-- What you have to do --
Take the data below and extract the lines from the one with "Gskill - Trident" to the one with "Prestige Volkswagen of", inclusive, exactly as written.

-- Provided records --
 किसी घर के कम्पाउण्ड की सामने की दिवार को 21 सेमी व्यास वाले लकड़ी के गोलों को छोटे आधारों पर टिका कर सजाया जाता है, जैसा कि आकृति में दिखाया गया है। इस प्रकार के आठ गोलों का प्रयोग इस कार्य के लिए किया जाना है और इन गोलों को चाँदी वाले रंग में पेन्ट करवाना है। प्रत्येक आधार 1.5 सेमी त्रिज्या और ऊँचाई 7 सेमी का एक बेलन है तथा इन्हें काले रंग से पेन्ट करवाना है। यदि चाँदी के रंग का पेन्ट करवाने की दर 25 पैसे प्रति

--

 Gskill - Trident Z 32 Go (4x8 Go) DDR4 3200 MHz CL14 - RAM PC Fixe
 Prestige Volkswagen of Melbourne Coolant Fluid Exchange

-- Answer to this exercise --
 Gskill - Trident Z 32 Go (4x8 Go) DDR4 3200 MHz CL14 - RAM PC Fixe
 Prestige Volkswagen of Melbourne Coolant Fluid Exchange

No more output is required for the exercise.